The new rules eliminate a previously mandatory automatic review of an annulment decision by a second diocesan tribunal and cuts the cost of the procedures, which can command thousands of dollars in legal and tribunal fees. The pope also gave bishops sweeping powers to judge the most simple, clear-cut cases themselves, in a measure that aims to provide Catholic couples in poorer parts of the world with paths to annulments.

At the crux of the pope’s decision is the changing sentiment, especially among Western Catholics, around controversial issues such as divorce. The 1.2 billion member Catholic church does not recognize divorce, but does allow for a “decree of nullity” – a ruling that a marriage was never valid in the first place according to church law, because preconditions such as free will, psychological maturity, and willingness to have children were not met.

Catholics who chose to separate and remarry outside the church are still considered married to their first spouses, and are thus living in sin and prohibited from receiving sacraments such as communion – a critical part of active Catholic life. In the United States, 62 percent of Catholics said the church should allow divorced Catholics who divorce and remarry without an annulment to receive communion, according to a recent Pew Research Center poll.

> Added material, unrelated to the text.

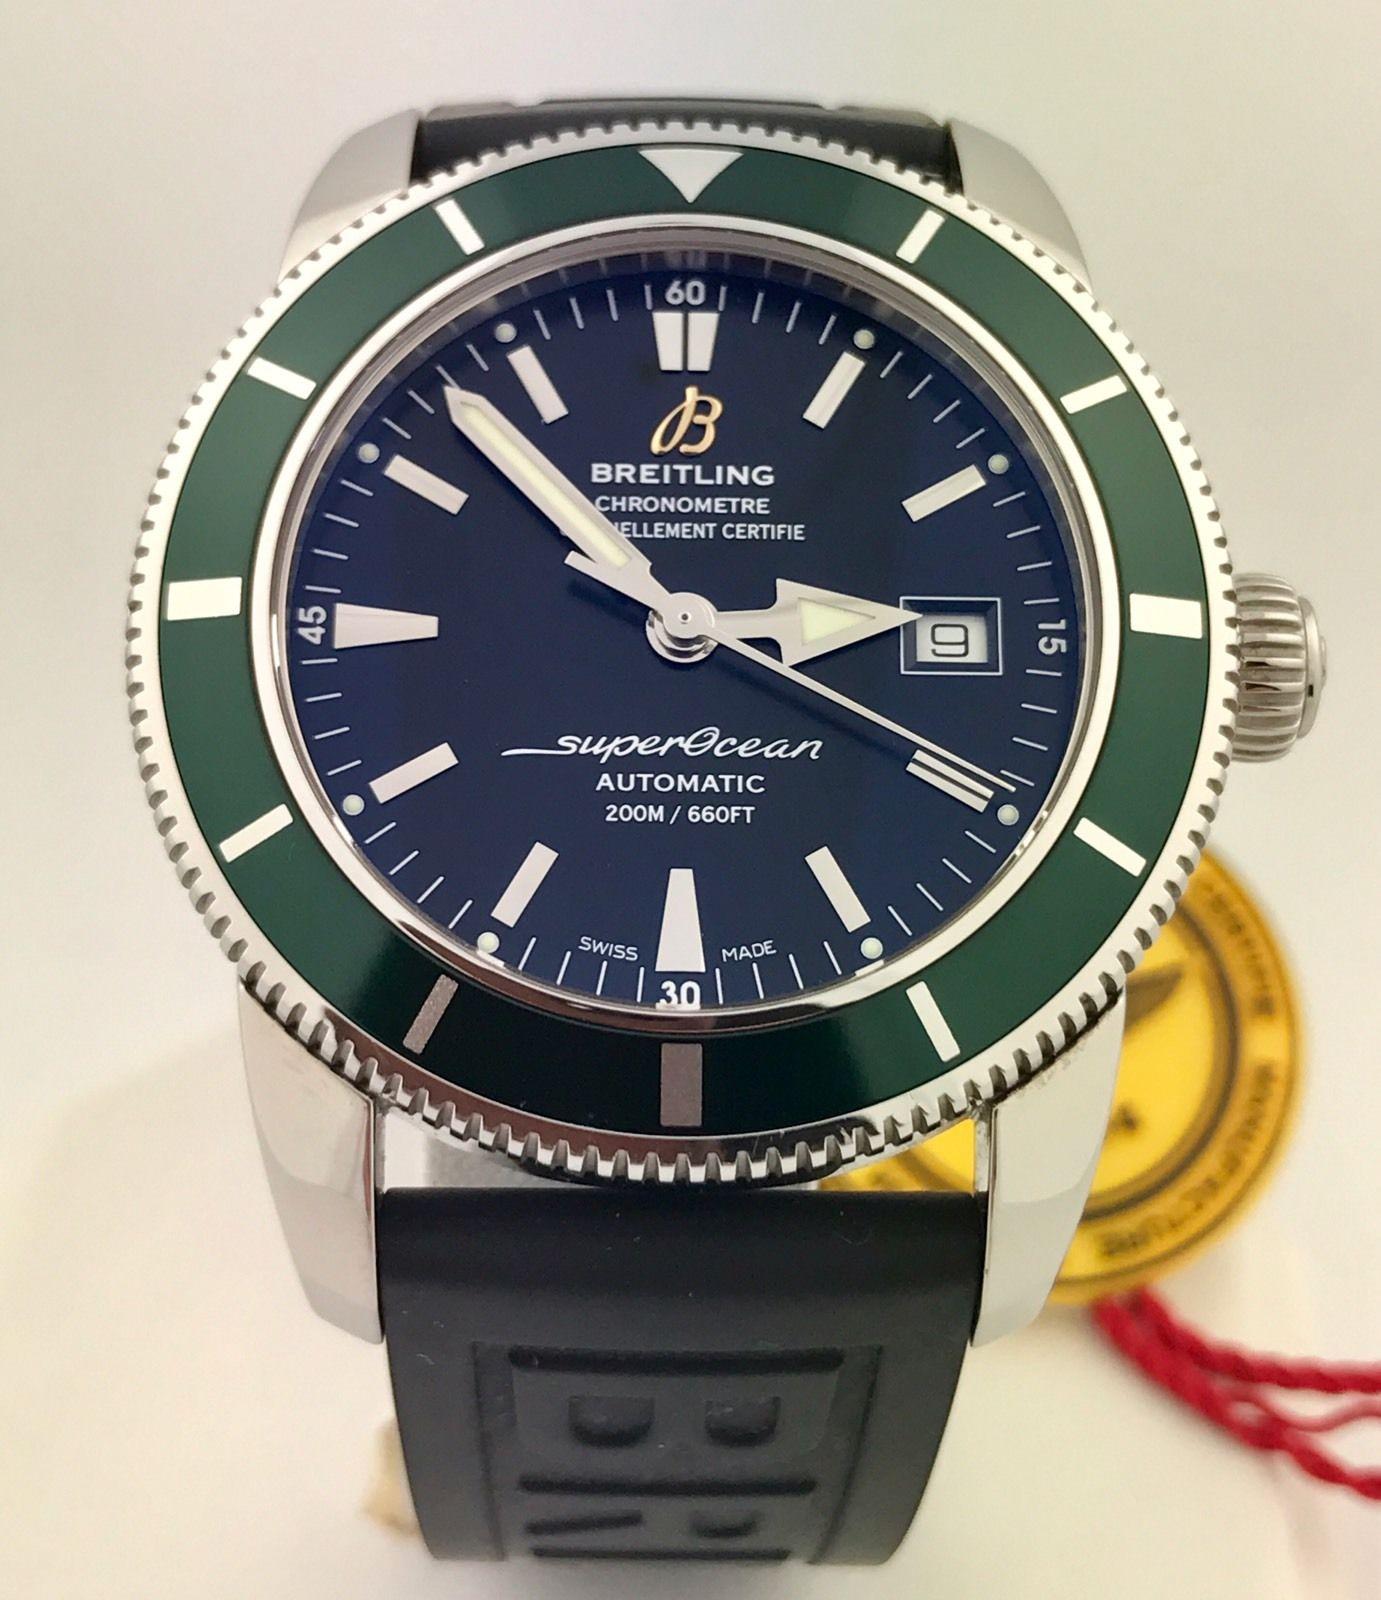 s l1600 1 3 - Breitling SuperOcean Heritage
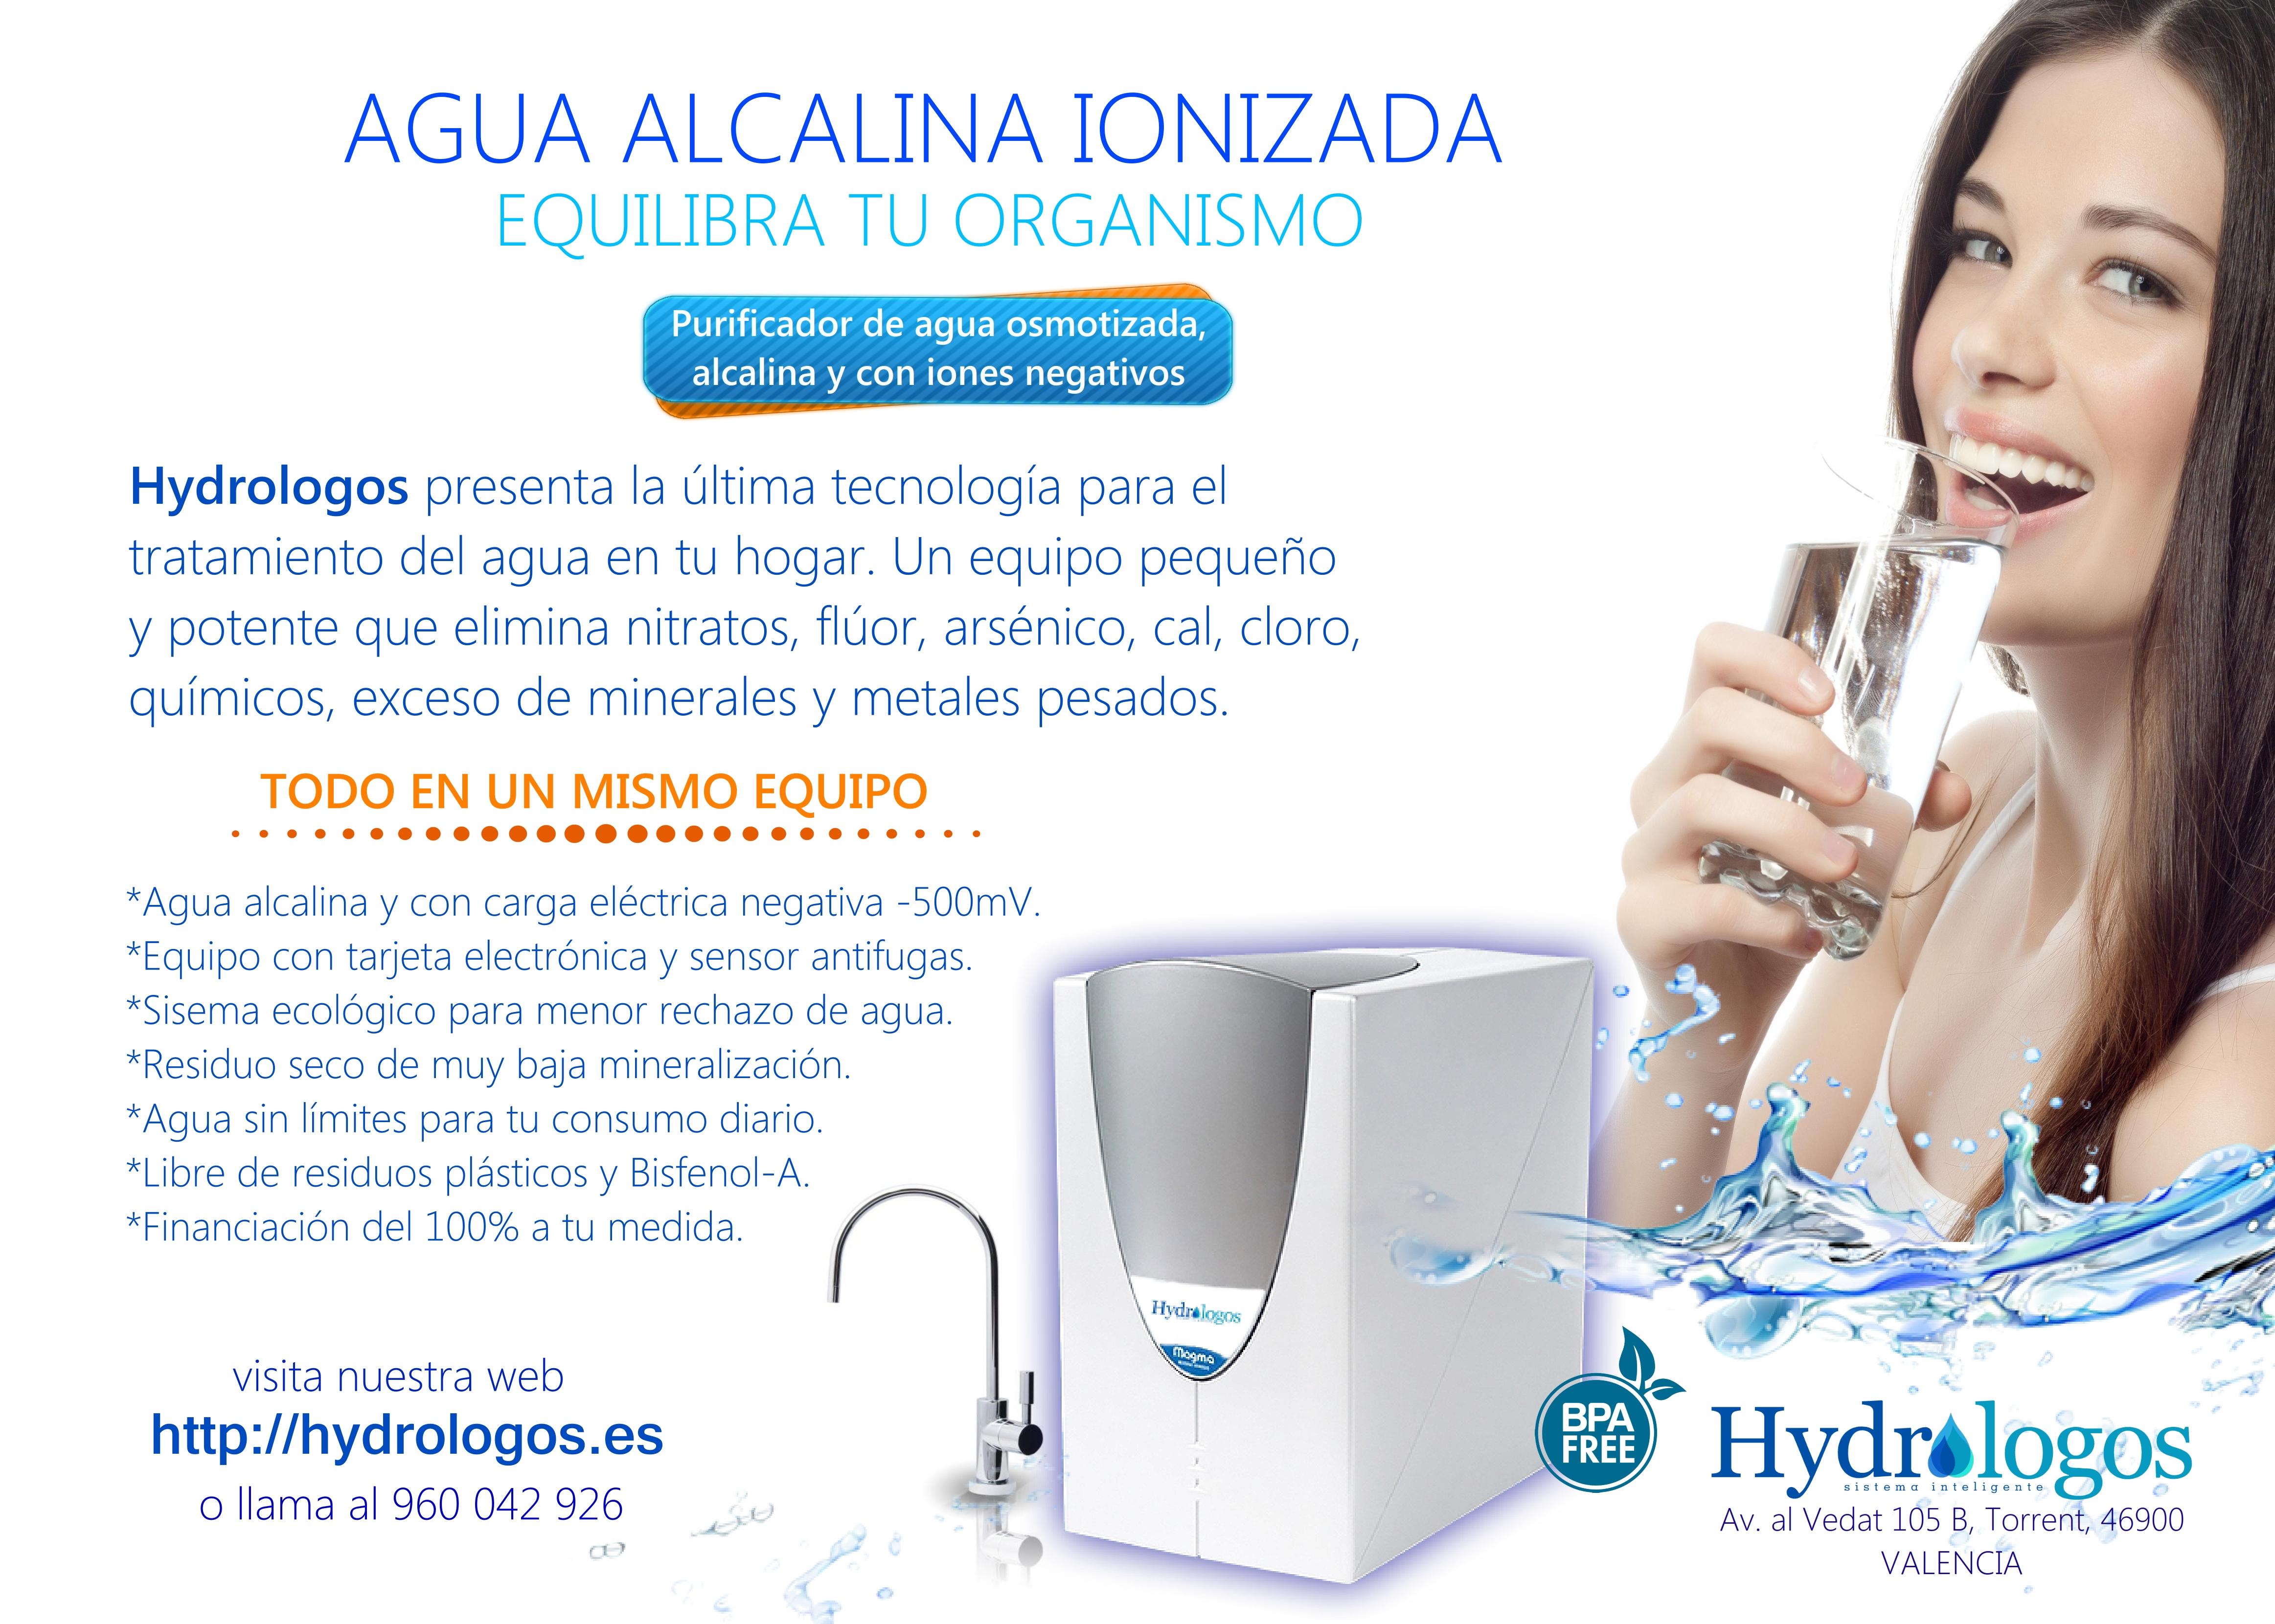 agua alcalina con carga eléctrica negativa

The pope has faced criticism from some conservatives for his more permissive position on issues that the church has long opposed.

“This is a typical Francis move in that way,” Chad Pecknold, a theologian at Catholic University in Washington, told The Washington Post after the pope empowered priests to forgive those who have had abortions but were truly repentant. “This is a dead-serious sin, but I’m not going to emphasize the sin part.”

Others, however, feel that the pope is taking current context into consideration when he interprets church teachings and traditions – a stance may resonate for many Catholics struggling to find balance between life and faith. The pontiff’s favorability rating among Americans is at about 60 percent, according to Gallup.

“I think Pope Francis is better at stressing forgiveness. And softening the perception of an all-or-nothing attitude towards Catholicism,” Darcy Fargo, who returned to Catholicism a few months ago after years away from her childhood faith, told the Monitor. “Oftentimes it’s an either-or world we live in. But I don’t believe our God is like that, and I don’t believe our faith is like that.”

This report uses material from The Associated Press and Reuters.